In my book for a measurable space $(X,\mathcal{A})$, a signed measure on it is a function $\mu: \mathcal{A}\rightarrow (-\infty,\infty]$ such that

$(1)$ $\mu(\varnothing) = 0$; $(2)$ If $A_1,\cdots, A_k, \cdots$ are pairwise disjoint sets, then we have $$ \mu(\bigcup_{i = 1}^\infty A_i) = \sum_{i = 1}^\infty \mu(A_i), $$ and if $\mu(\bigcup_{i = 1}^\infty A_i)$ is finite then the right side must absolutely converge to a number.

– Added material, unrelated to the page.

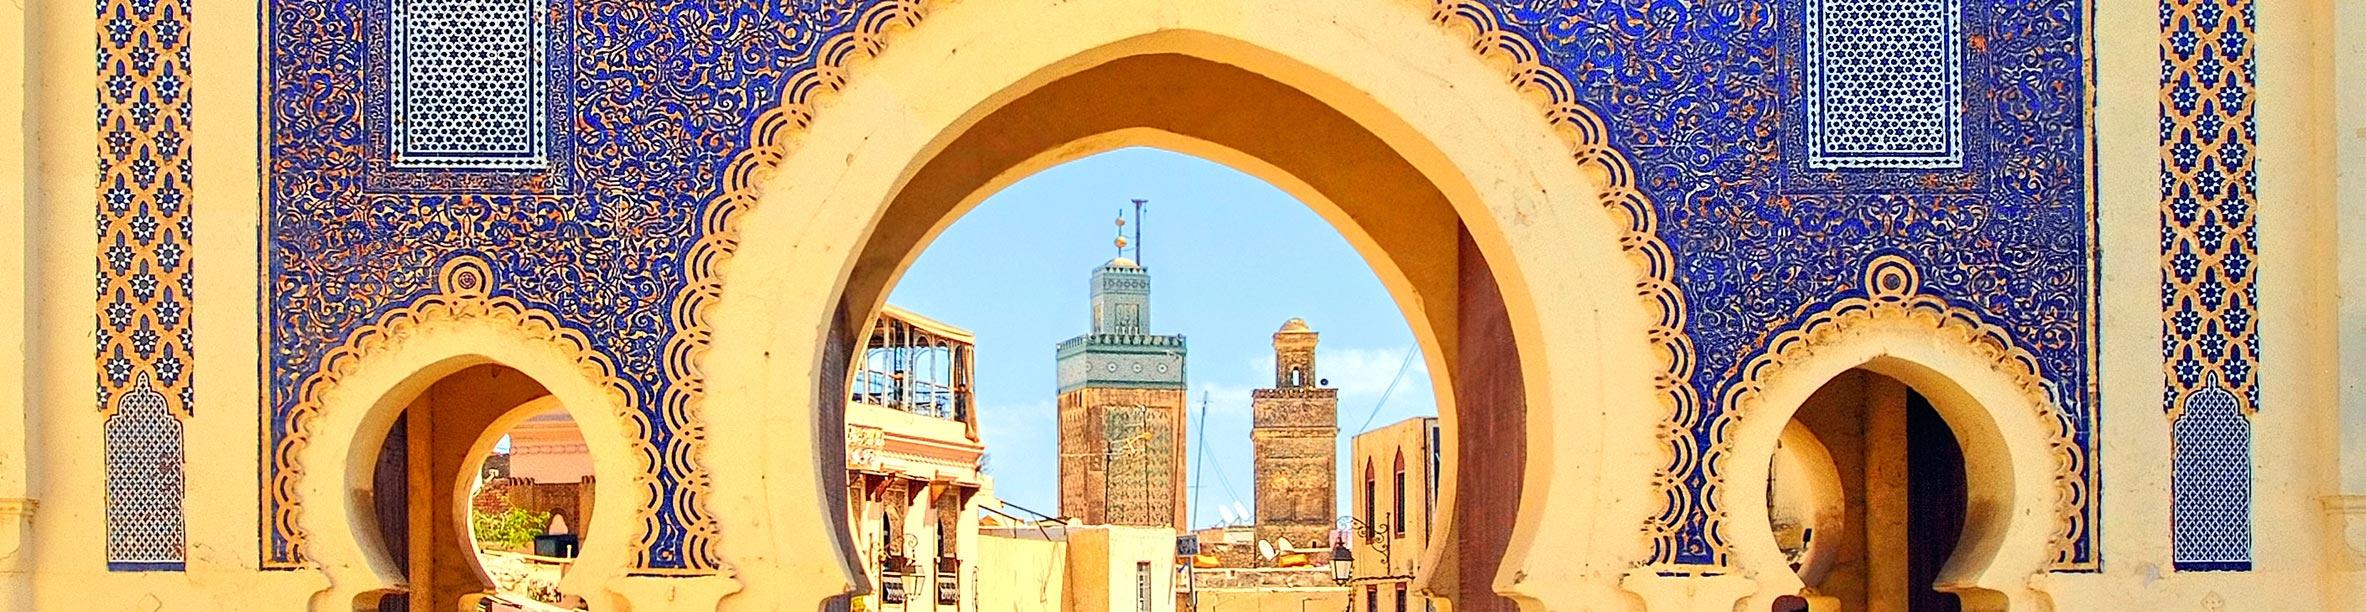 Porta blu, Fes - Marocco

My question is, if $\mu(\bigcup_{i = 1}^\infty A_i) = \infty$, how can we check whether the right side is infinity? I took real analysis a while ago and forgot a lot about series. Is it possible that $\sum_i^\infty a_i = \infty$ but after reordering it terms, it sums to a number or is even divergent (no value)?

Thanks!

Answer 1

In general, it is certainly possible to have $\sum_{i=0}^\infty a_i=\infty$, and yet a reordering of the terms gives a convergent series - consider the alternating harmonic series $\sum_{n=1}^\infty \frac{(-1)^n}{n}$, which converges, but can be reordered to diverge to either $\infty$ or $-\infty$ (or to oscillate between any number of values).

However, this definition asserts that that does not happen in the case of a signed measure, since reordering the terms does not change the left hand side of

$$\mu(\bigcup_{i = 1}^\infty A_i) = \sum_{i = 1}^\infty \mu(A_i).$$

In fact, the statement that the sum on the right must converge absolutely to a number did not have to be included in the definition, since it is an immediate consequence of the fact that the value of sum is independent of ordering (see here or here).

Note also that since $\mu$ does not ever take a value of $-\infty$, the sum of all the negative terms on the right hand side must be finite.